WORK REQUIRED -
Repeat the entries exactly, and do not carry the pictures over.

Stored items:
--- --- ---
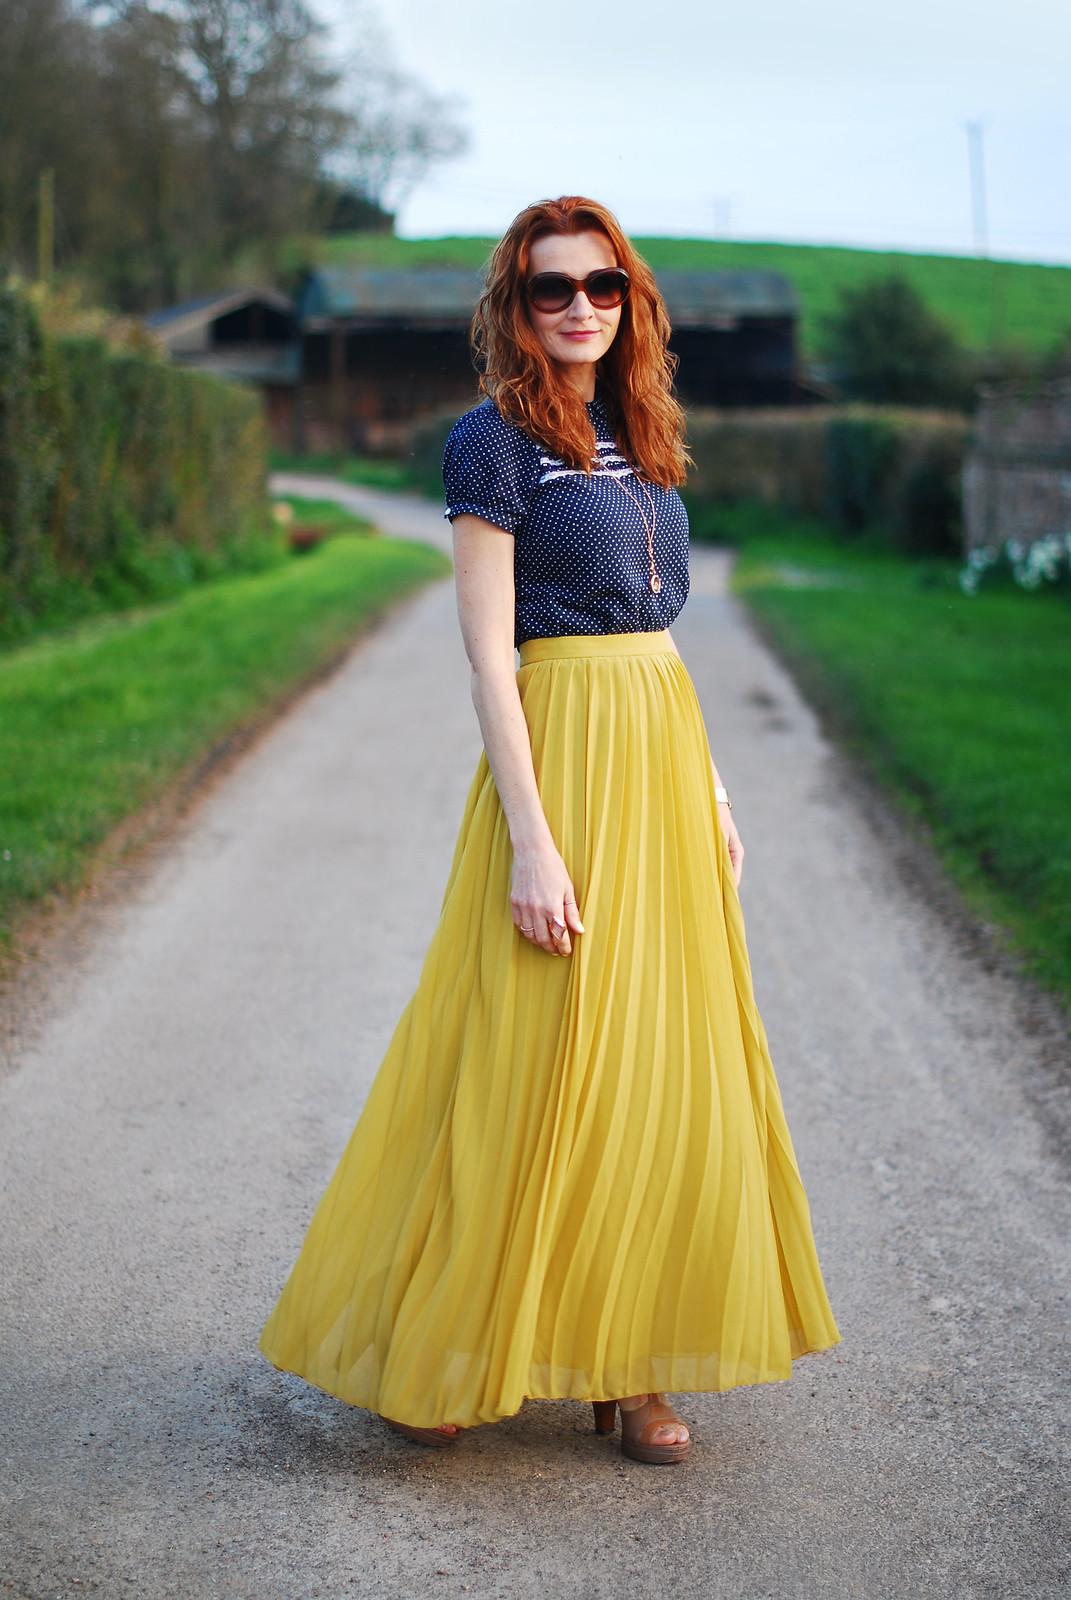 Navy polka dots & mustard yellow pleated skirt
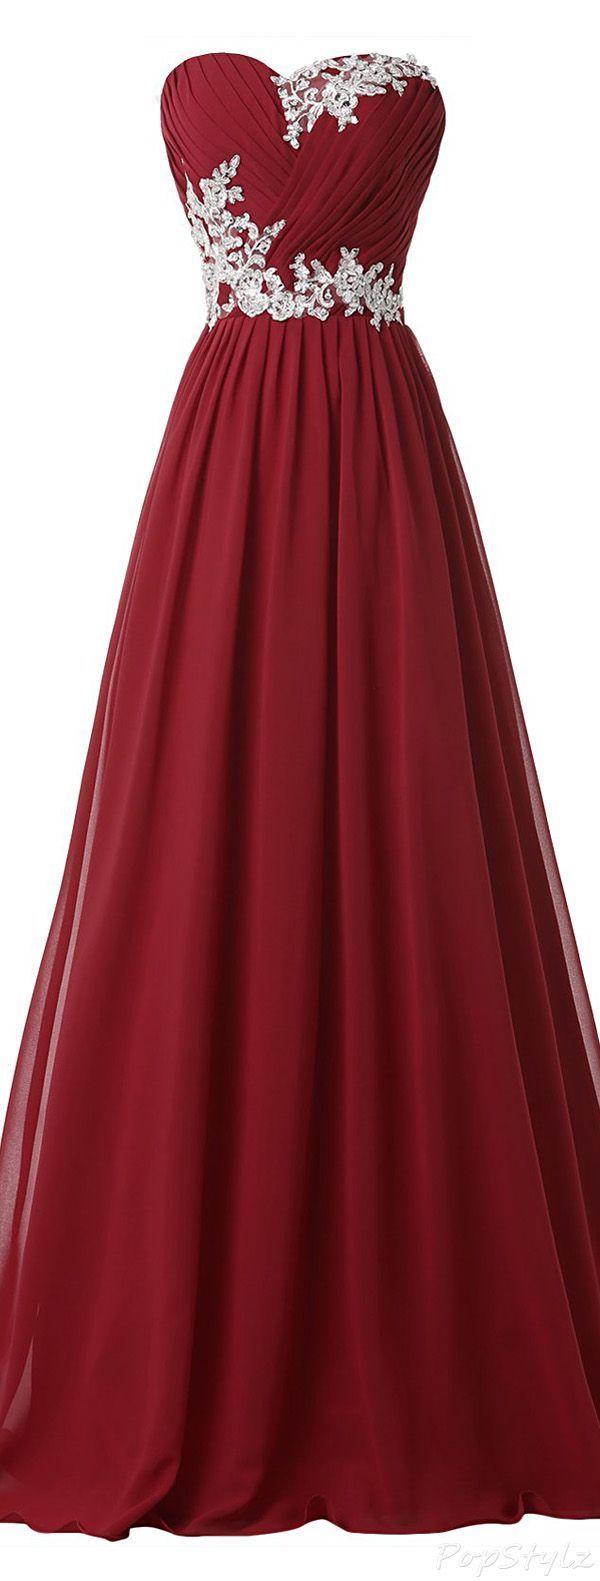 Plus Size Kleid, Cocktailkleid, Burgunderkleid Dunkelrotes Kleid
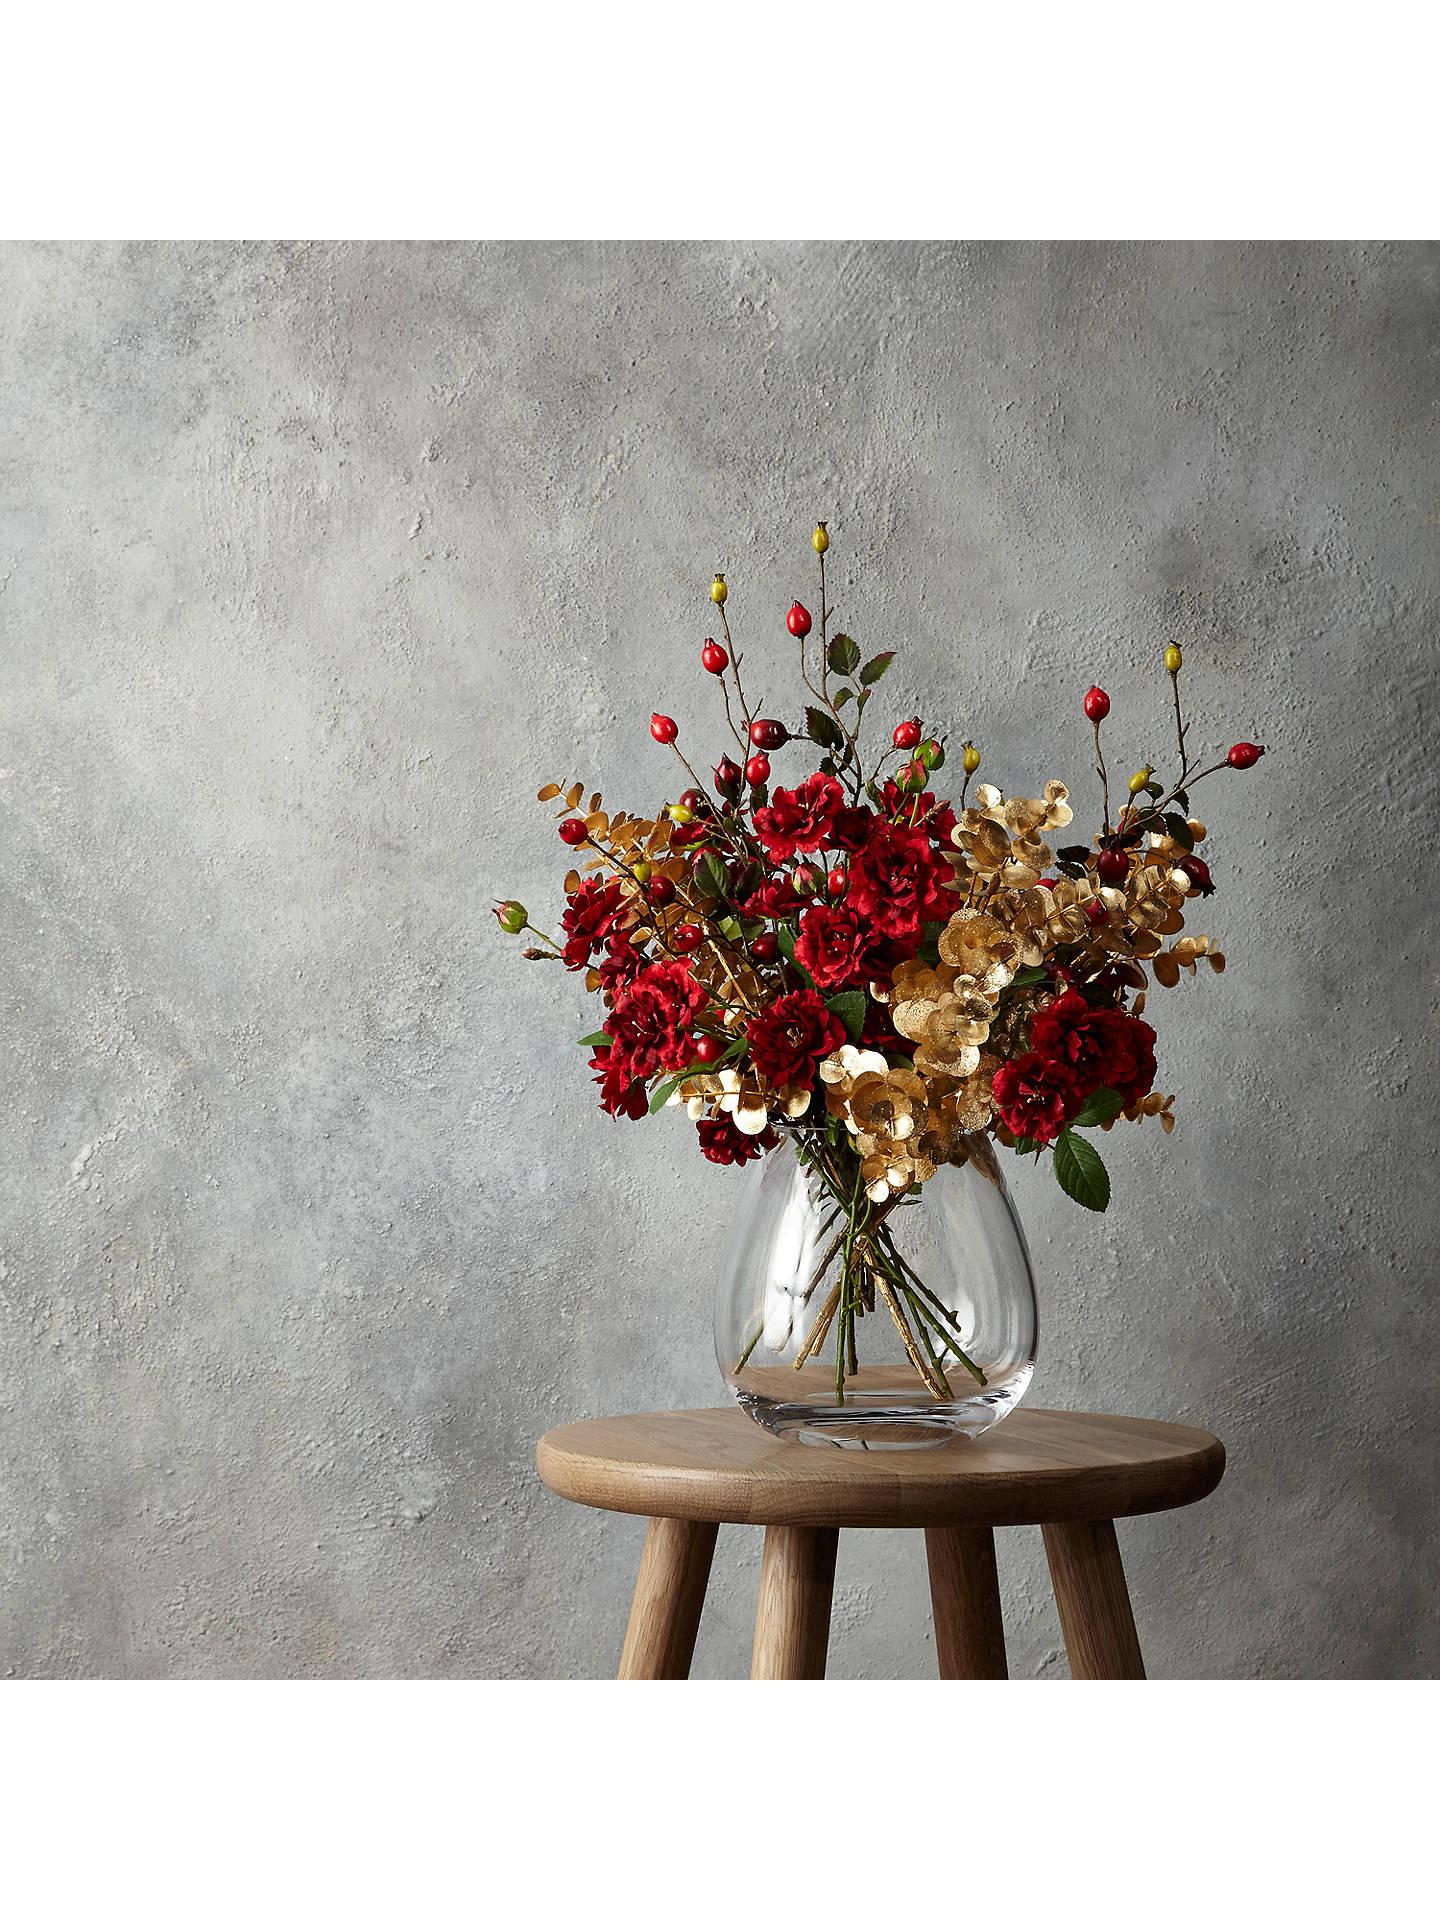 ... BuyLSA Flower Table Bouquet Vase, H17cm Online At Johnlewis.com ...
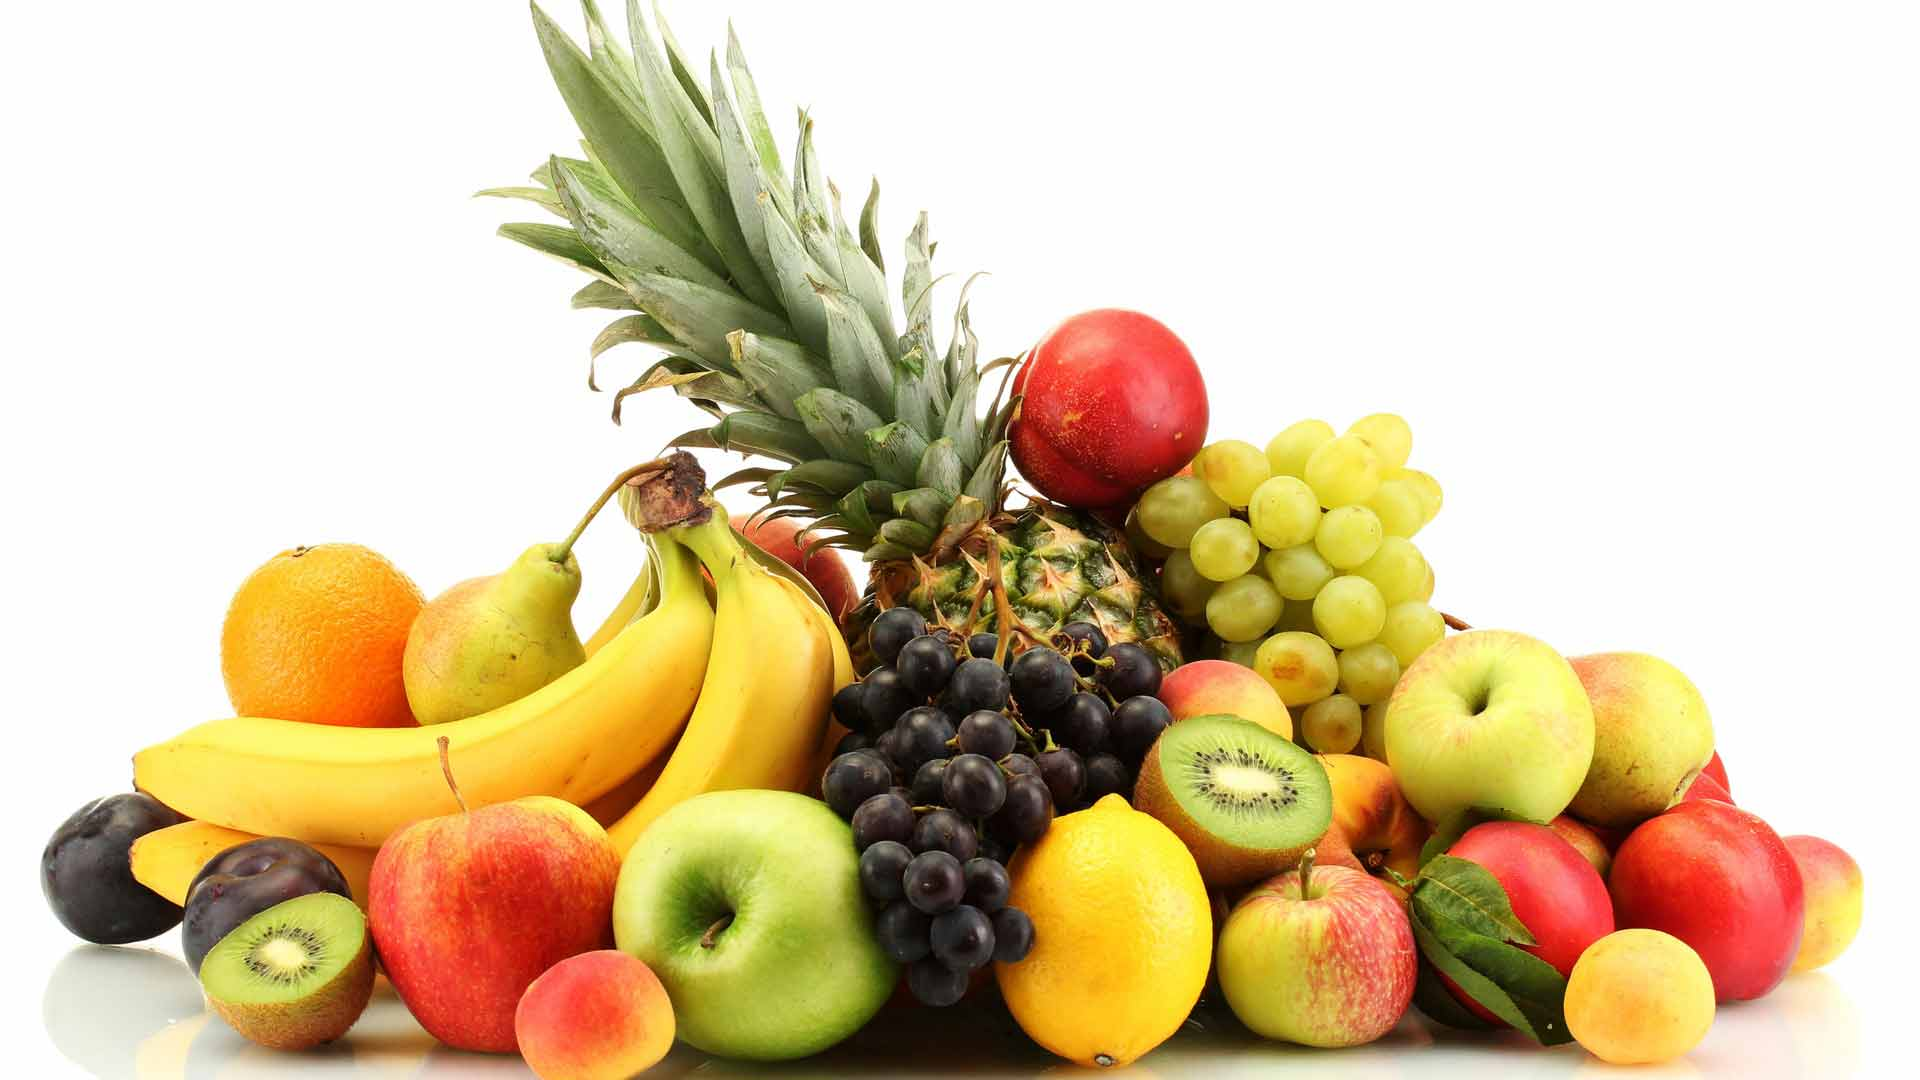 E Vitamini Nedir? E Vitamininin Kanıtlanmış 18 Yararı
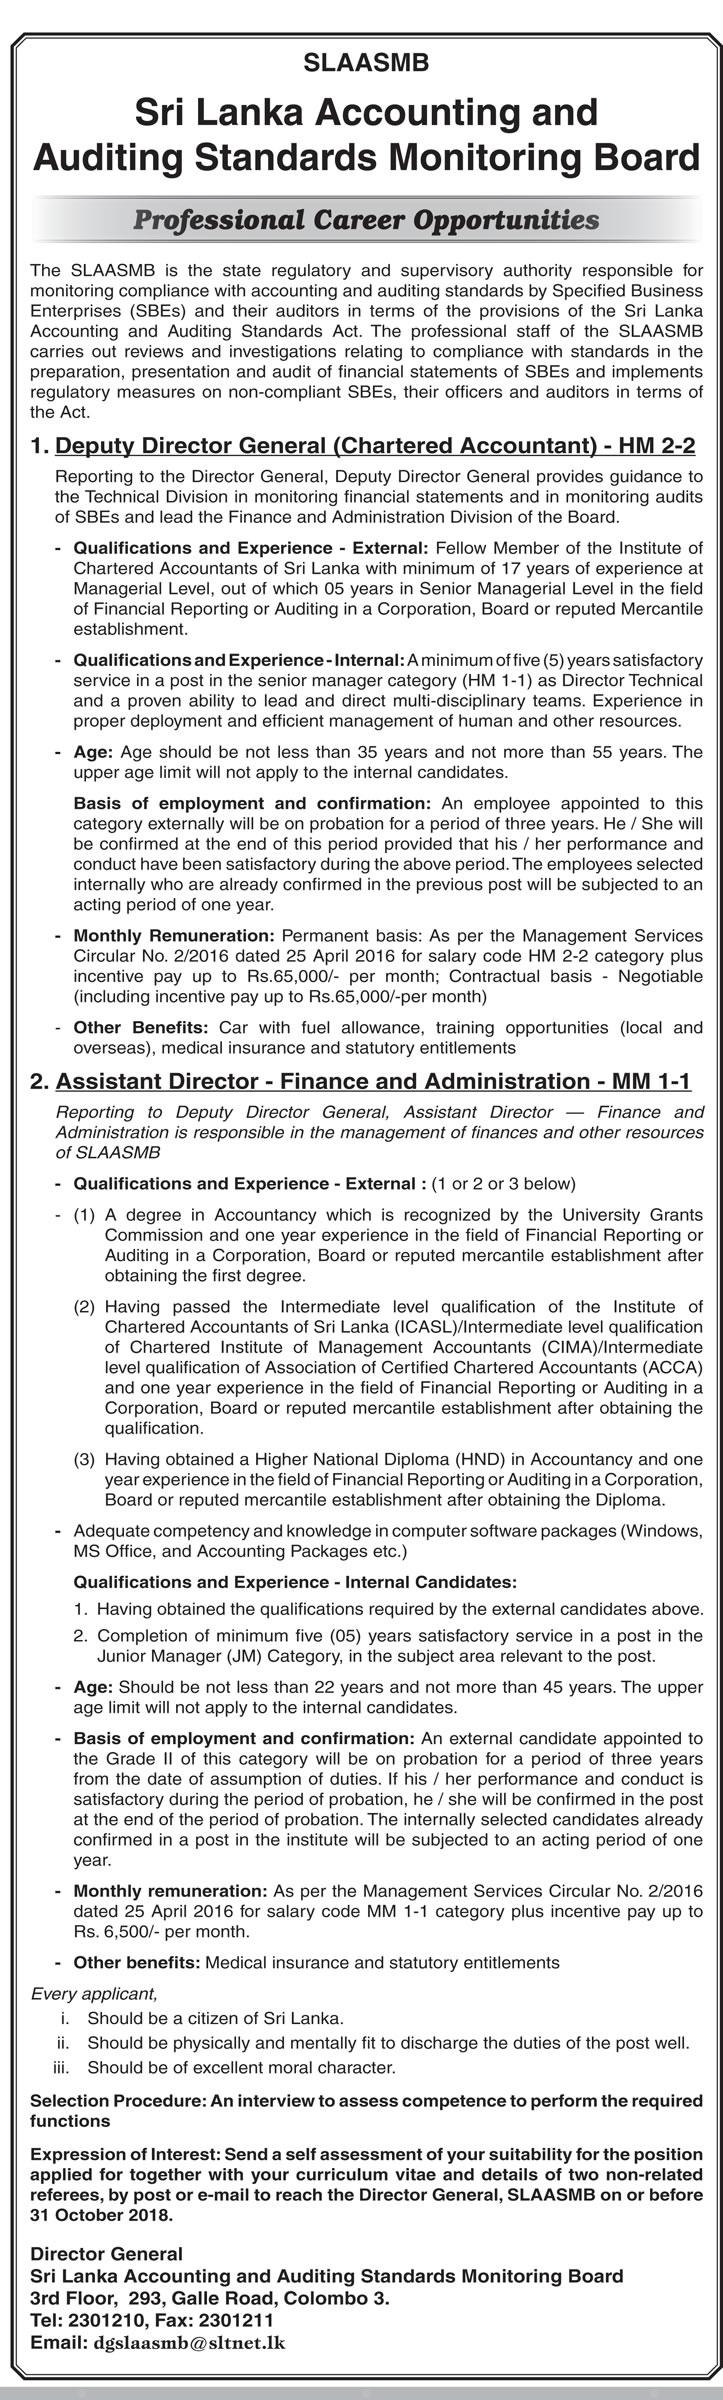 Deputy Director General Assistant Director Sri Lanka Accounting
--- --- ---
TASK RESPONSE -
 Navy polka dots & mustard yellow pleated skirt
 Plus Size Kleid, Cocktailkleid, Burgunderkleid Dunkelrotes Kleid
 ... BuyLSA Flower Table Bouquet Vase, H17cm Online At Johnlewis.com ...
 E Vitamini Nedir? E Vitamininin Kanıtlanmış 18 Yararı
 Deputy Director General Assistant Director Sri Lanka Accounting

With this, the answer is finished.